WTO Ministerial Section • Volume 5 • Number 37 • 30th October 2001
Draft Declaration On TRIPs And Health Highlights Divisions In The WTO
The WTO draft Declaration on intellectual property rights (IPRs) and health — released by WTO General Council Chair Stuart Harbinson on 27 October along with the draft Ministerial Declaration and the draft Decision on Implementation — underlines the gulf that remains between developed and developing country Members on this issue (draft available at http://www.ictsd.org/ministerial/doha/docs/IP27oct.pdf). Divisions are most pronounced on the scope of the Declaration, including its possible application to ‘public health’ or ‘access to medicines’. Being referred to by some as a public relations exercise, this Declaration is likely to become one of the key contentious issues at the rapidly approaching WTO Ministerial Conference in Qatar next week.
Options for the Declaration’s scope
While only a few brackets remain in the text of the draft Declaration (i.e. denoting unresolved issues), they clearly highlight the fundamental differences in the approach of developed and developing country Members to the relationship between IPRs and health, and the scope of the Declaration. In particular, brackets remain in the title of the draft text, referring to IPRs and "public health", as demanded by developing countries, or IPRs and "access to medicines", as favoured by developed country Members. Strong disagreement also prevails over para. 4 of the text, which presents two options: Option 1 reflects developing country demands that "nothing in the TRIPs Agreement shall prevent Members from taking measures to protect public health", while Option 2 presents the view put forward mainly by the US and Switzerland, affirming Members’ ability to use the provisions in the TRIPs Agreement that provide flexibility "to address public health crises such as HIV/AIDS and other pandemics", and emphasising the right "to secure affordable access to medicines".
Reactions
Developing countries insist that at least the notion of Option 1 must be reflected in the final Declaration for it to be meaningful. As one developing country representative pointed out, the current formulation in the first option already accommodates developed countries’ demands by "reiterating our commitment to the TRIPs Agreement", thereby providing the context in which Option 1 should be read. The delegate criticised Option 2 for simply stating what has always been the case and is widely known, and expressed concern that the text in Option 2 stating that "the Declaration does not add to or diminish the rights and obligations of Members Provided in the TRIPs Agreement" renders the Declaration largely worthless for use in dispute settlement cases.
Nevertheless, some developing countries believe that some aspects of the draft Declaration present a step forward in the debate.
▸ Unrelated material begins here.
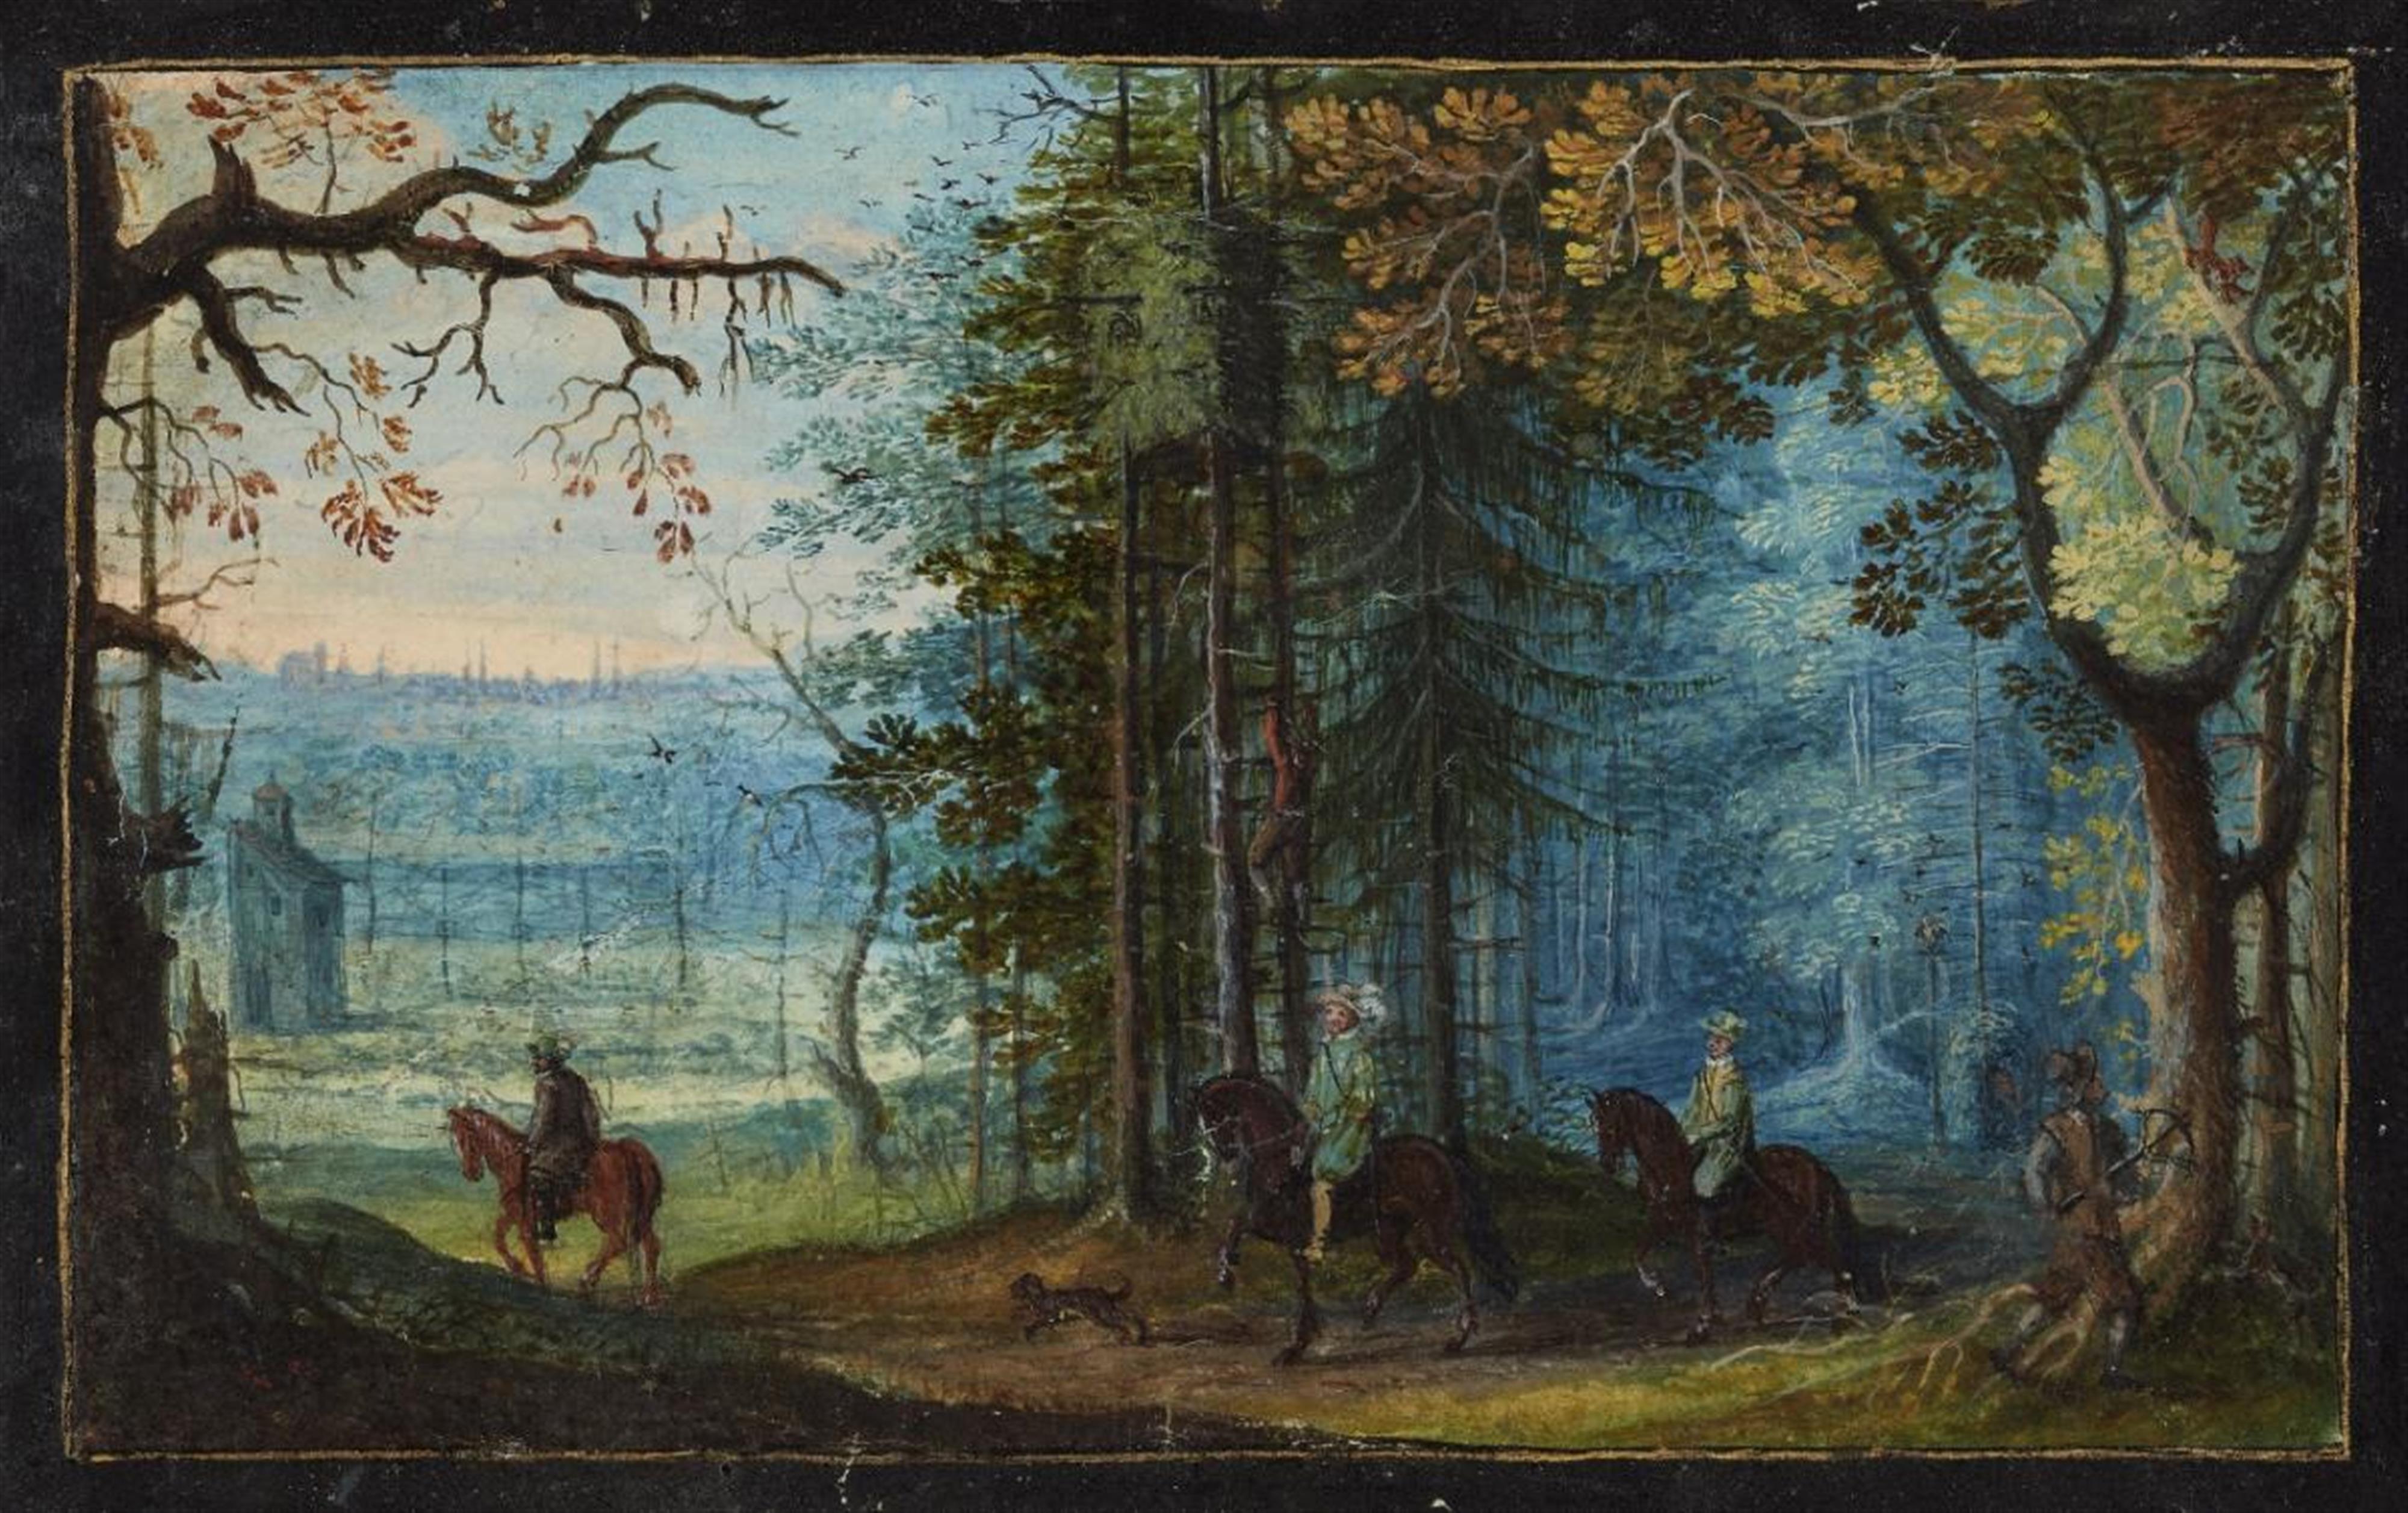 Flemish School ca. 1600 / 1610 - Riders in a Forest - image-1

One delegate pointed in particular to Members’ rights under paras. 6, 7, and 9, which in themselves would represent significant gains even if developing countries did not succeed with their proposal for para. 4. Para. 6 states that Members have the right to determine the grounds for issuing compulsory licenses, i.e. allowing the use of a patent without the consent of the patent-holder under certain conditions; para. 7 asserts Members’ right to decide what constitutes a national emergency (during which Members can issue compulsory licenses without having to make efforts to obtain authorisation from the patent holder); and para. 9 leaves Members free to establish their own regimes for exhaustion of IPRs.
Non-governmental organisations strongly criticised the draft Declaration, which they say is so watered down that it will be unacceptable for developing countries. "We had hoped that the issue of access to the patented anti-anthrax drug, Cipro, would make rich country governments more sensitive to the needs in developing countries", said Justin Forsyth, Oxfam GB Policy Director. "But the latest reports from the WTO in Geneva indicate that the US has not budged an inch."
Other outstanding issues
EU demands for a provision calling on countries to ensure that discounted medicines did not flow back into developed country markets (see BRIDGES Weekly, 23 October 2001) did not receive a mention in Harbinson’s proposed text. In contrast, the US proposal on an extension of transition periods for Least-Developed Countries and a moratorium on bringing disputes against Members from sub-Saharan Africa (see BRIDGES Weekly, referenced above) was included in the draft Declaration without brackets. One developing country delegate expressed surprise at its inclusion given that it was an informal proposal by just one country. However, as another developing country representative pointed out, the US proposal had effectively become meaningless in light of the flexibilities already affirmed in paragraphs 6,7 and 9.
Another key contentious issue, namely whether Members are allowed to issue compulsory licenses in order to import generic drugs, was left largely unresolved. While the draft Declaration recognises the difficulties of countries with insufficient manufacturing capacity to effectively use compulsory licensing, it simply instructs the TRIPs Council to find "expeditious solutions" to this problem and report back to the General Council before the end of 2002. This debate revolves around Art. 31(f) of the TRIPs Agreement, which states that the use of compulsory licenses should be "predominantly for the supply of the domestic market of the Member authorizing such use".
The draft will now be presented to the General Council on 31 October, but no further discussions are expected until the Ministerial.
"US and other rich countries block life-saving drug deal for poor countries," OXFAM NEWS RELEASE, 29 October 2001; ICTSD Internal Files.